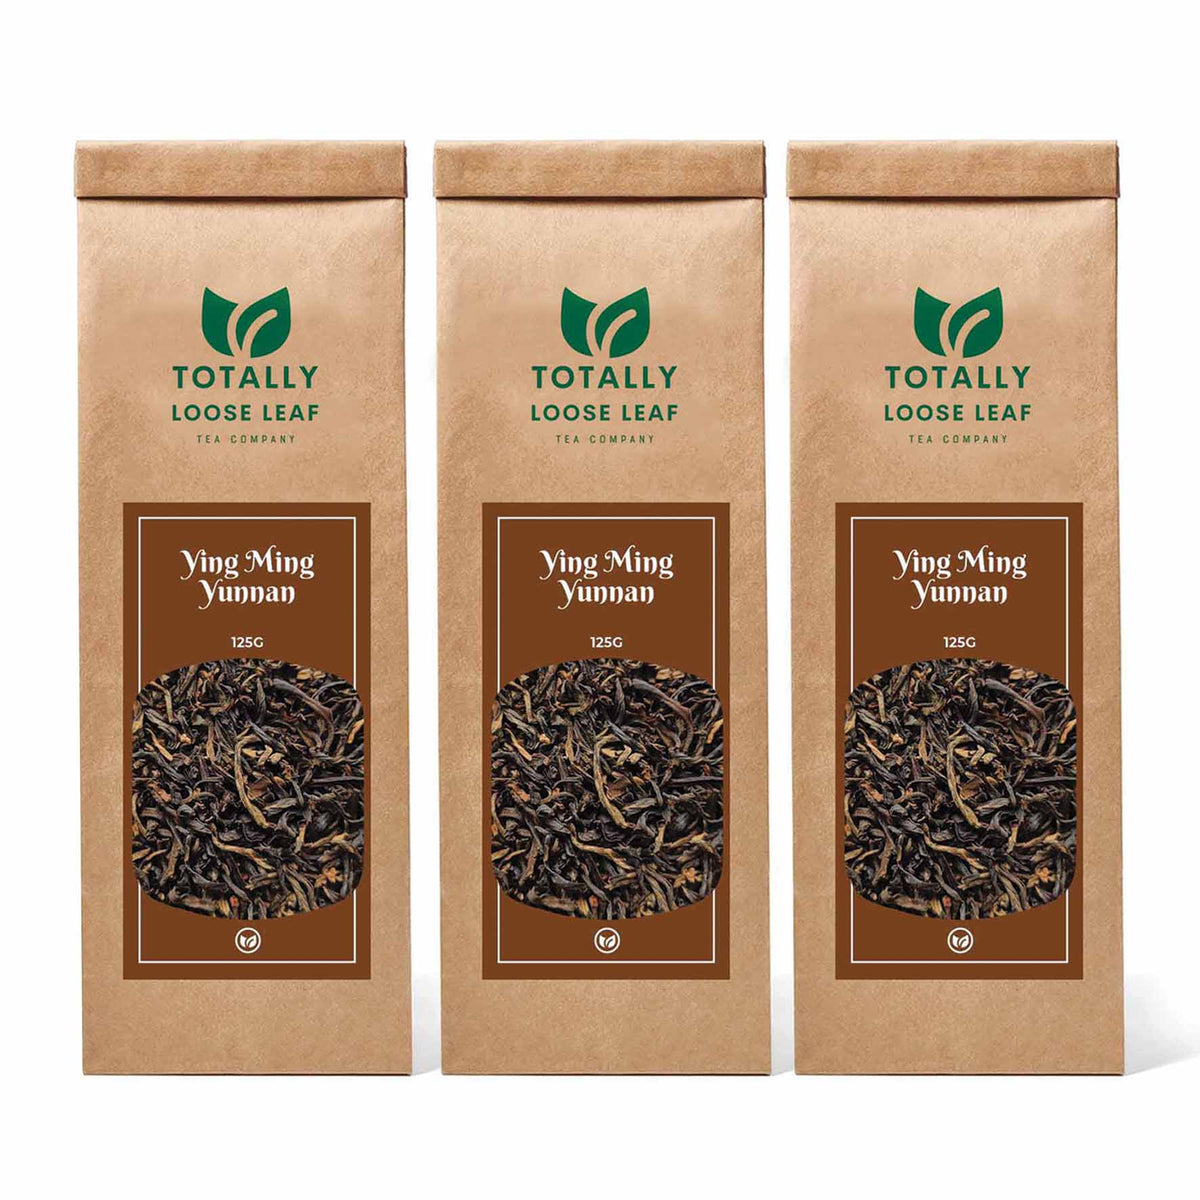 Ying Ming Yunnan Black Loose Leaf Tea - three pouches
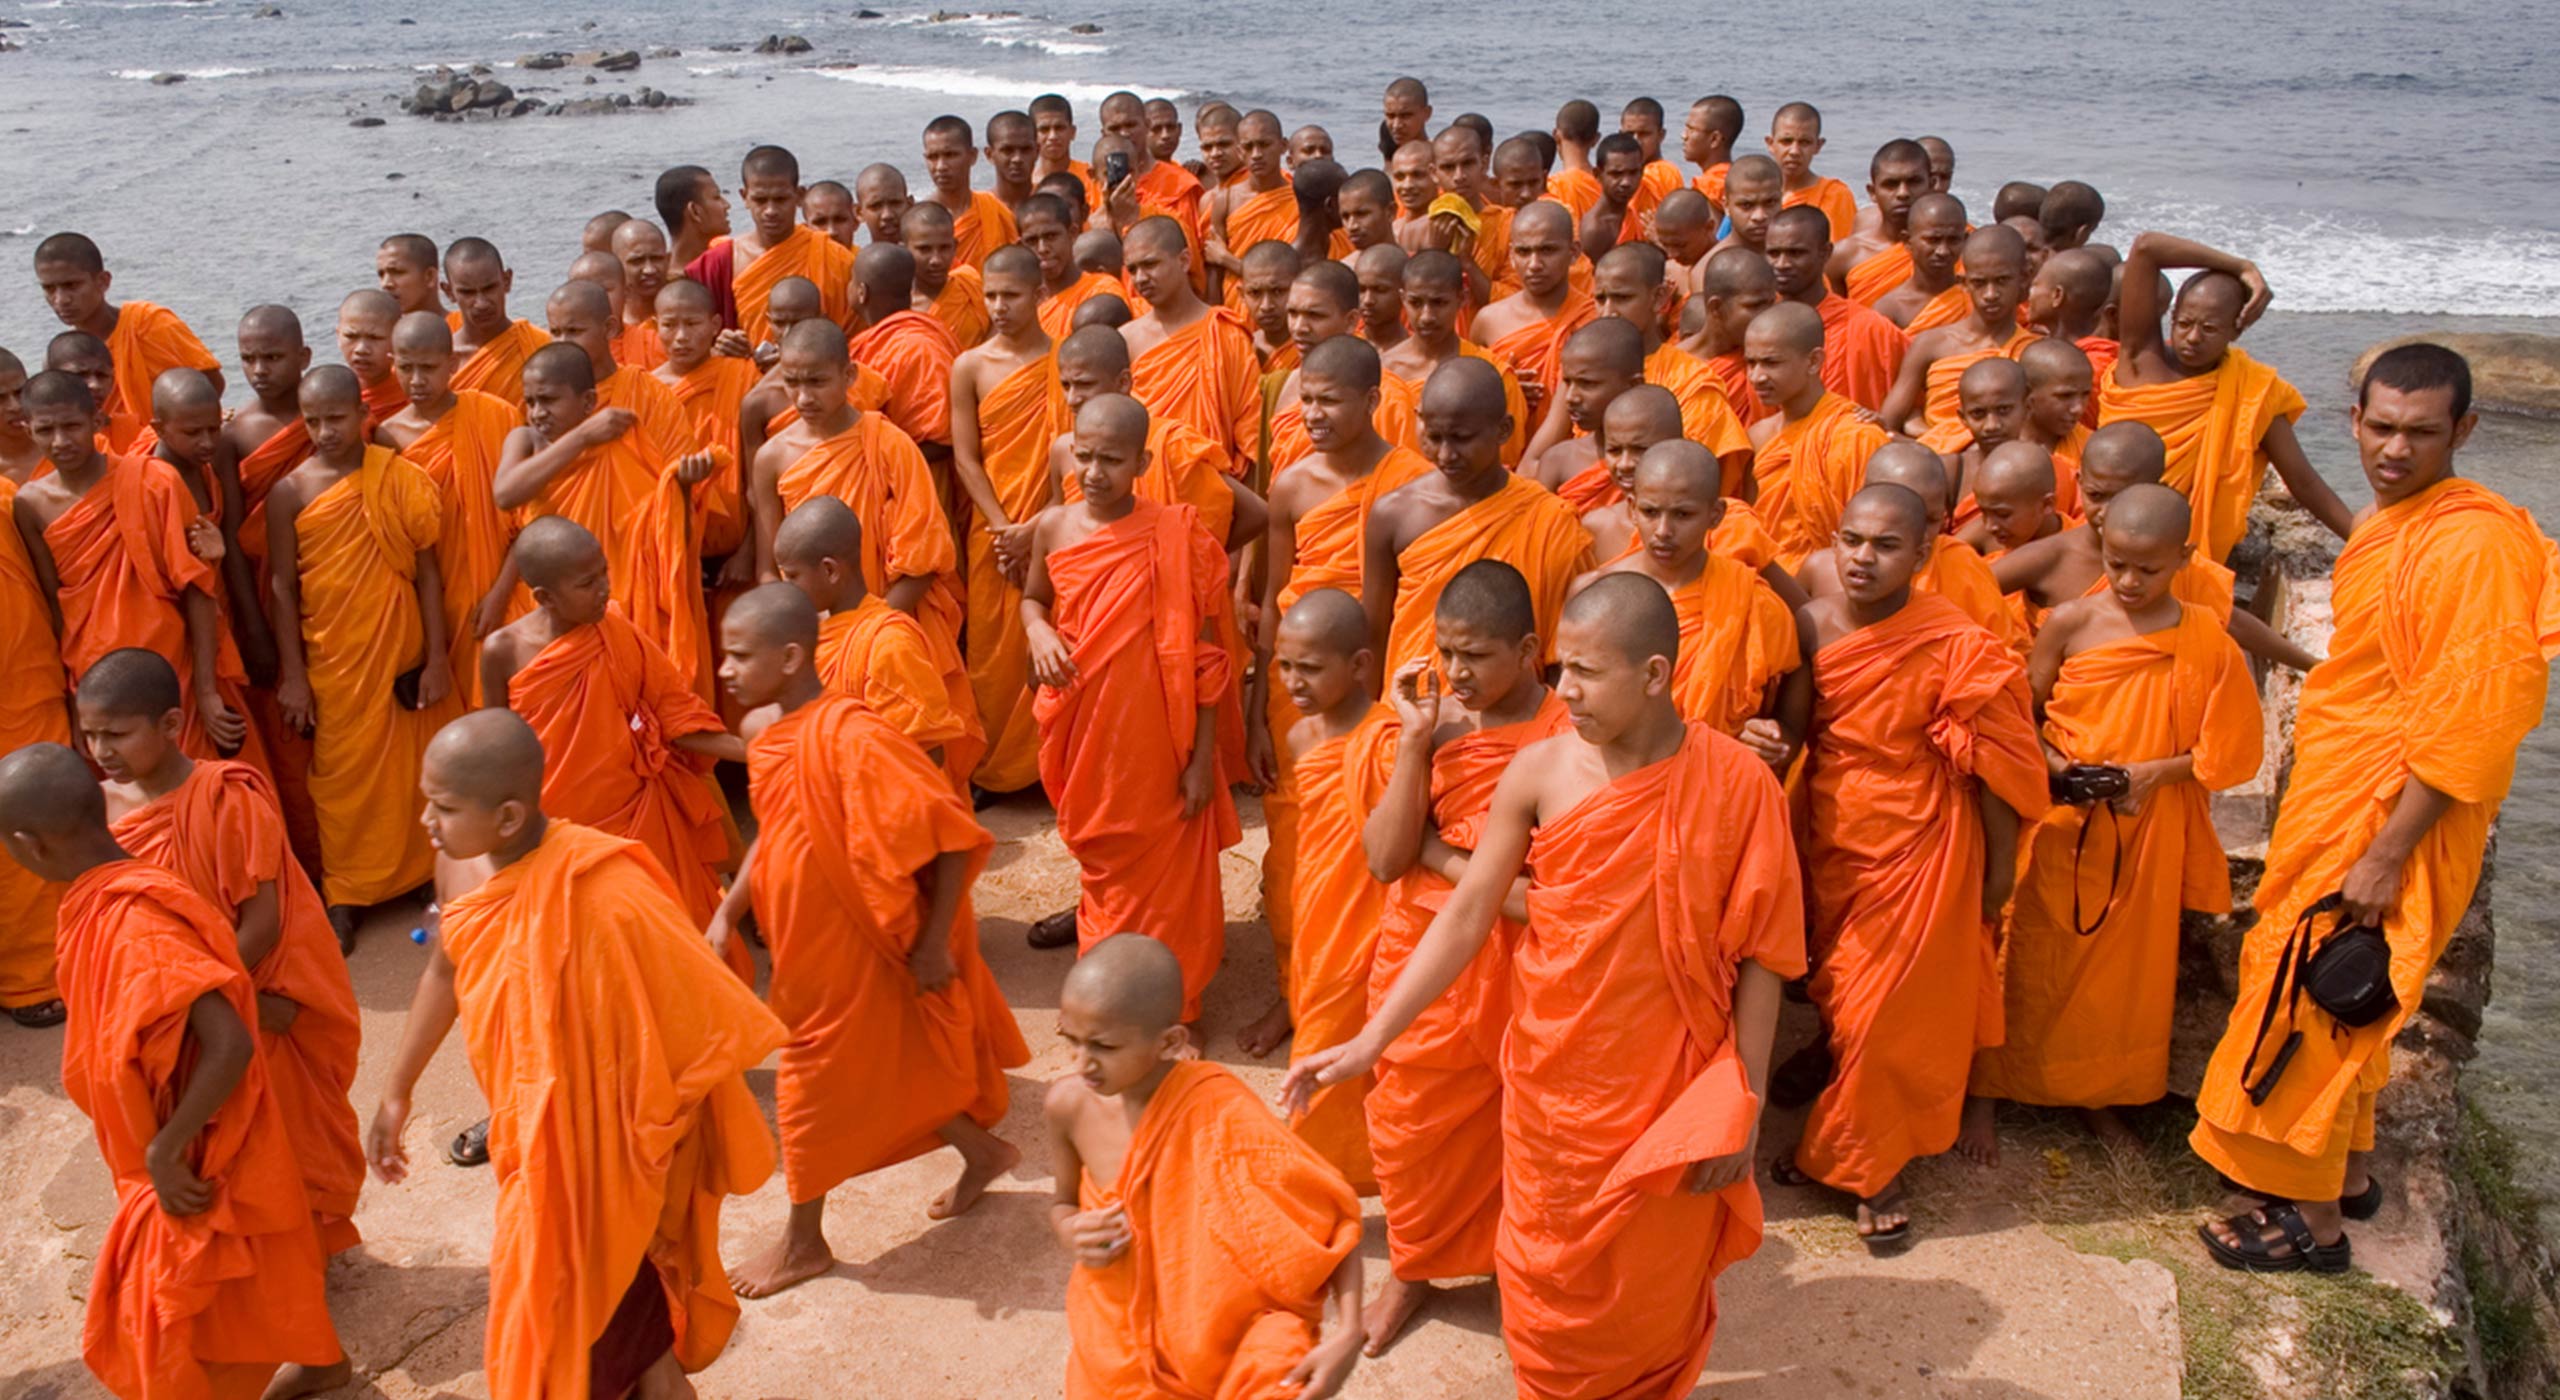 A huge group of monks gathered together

...

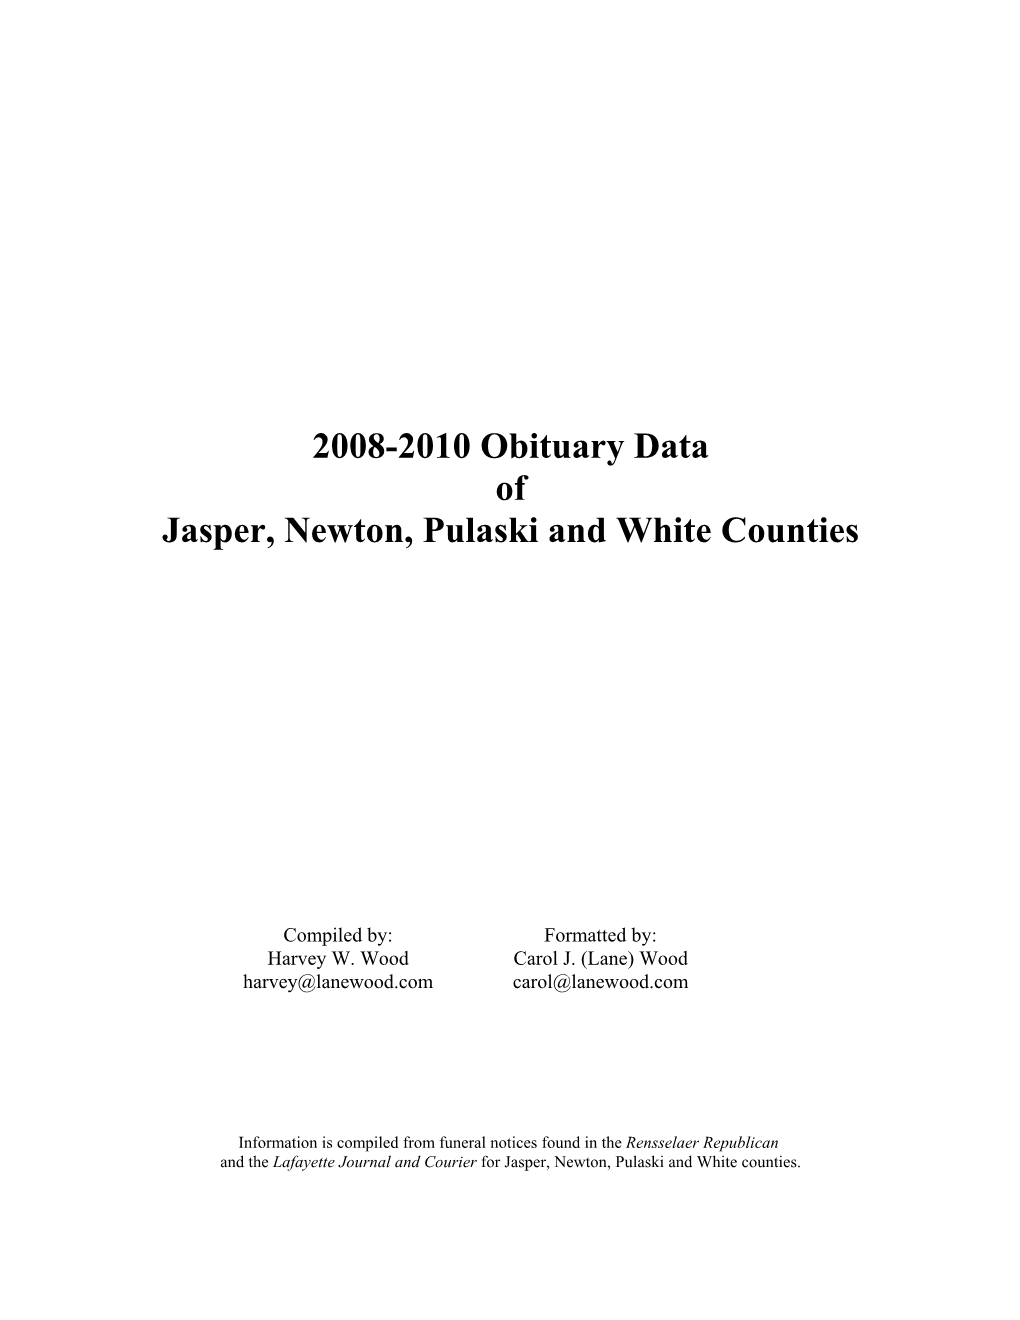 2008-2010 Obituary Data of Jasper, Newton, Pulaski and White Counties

...

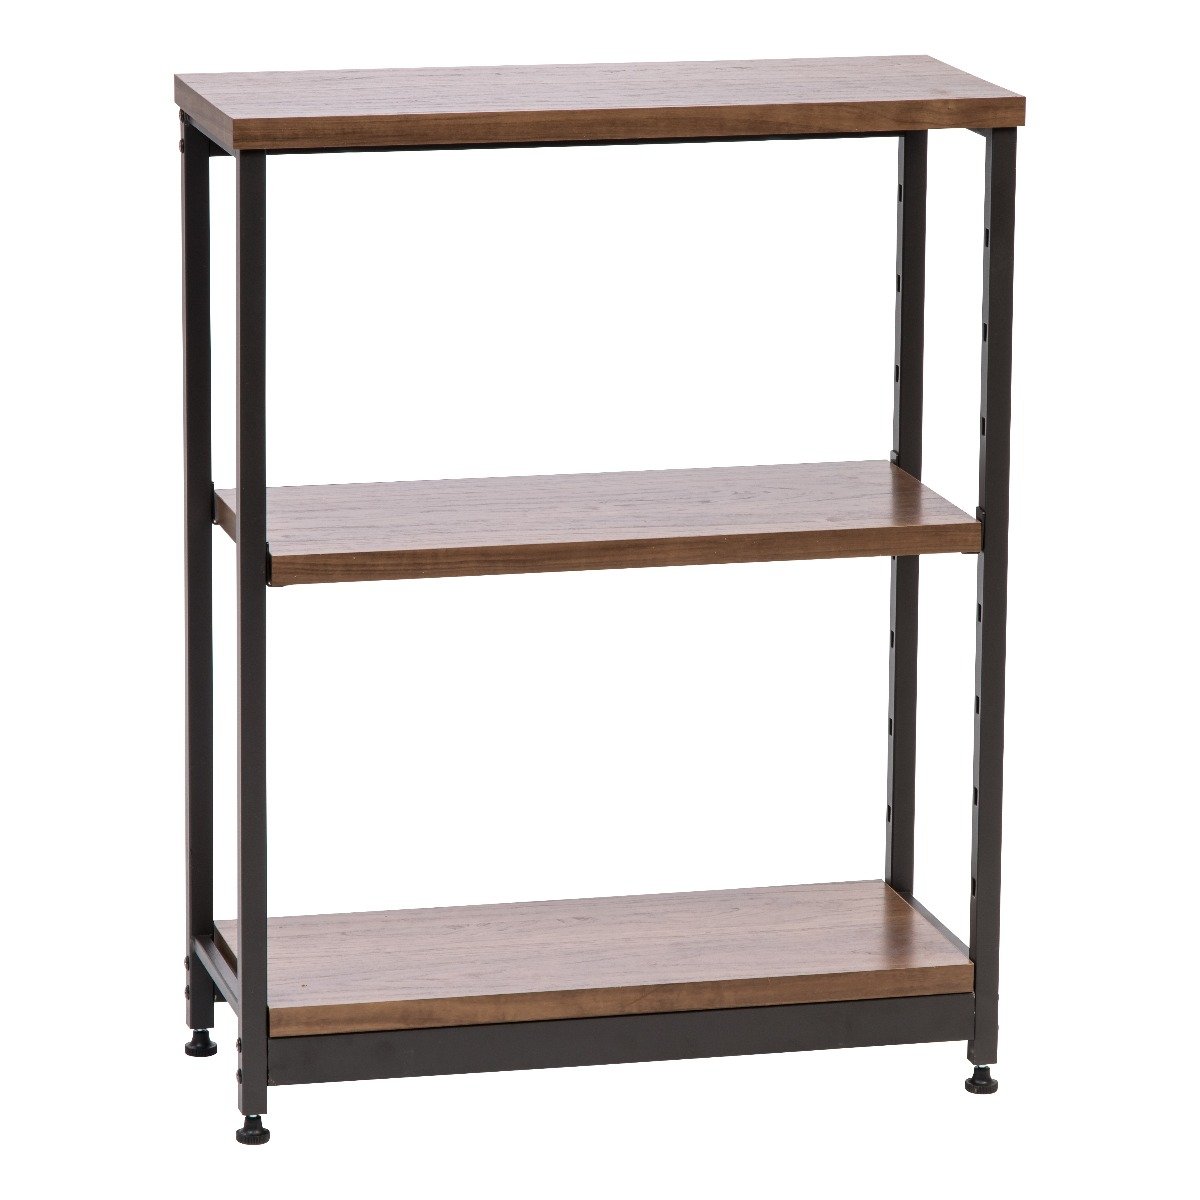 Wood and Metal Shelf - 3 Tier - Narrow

# Assignment
The line holding "Ying Ming Yunnan" starts the copy and the line holding "A huge group of monks gathered together" ends it. Repeat those two lines above and all between them exactly, leaving out pictures.

# Result of the task
 Ying Ming Yunnan Black Loose Leaf Tea - three pouches
 A huge group of monks gathered together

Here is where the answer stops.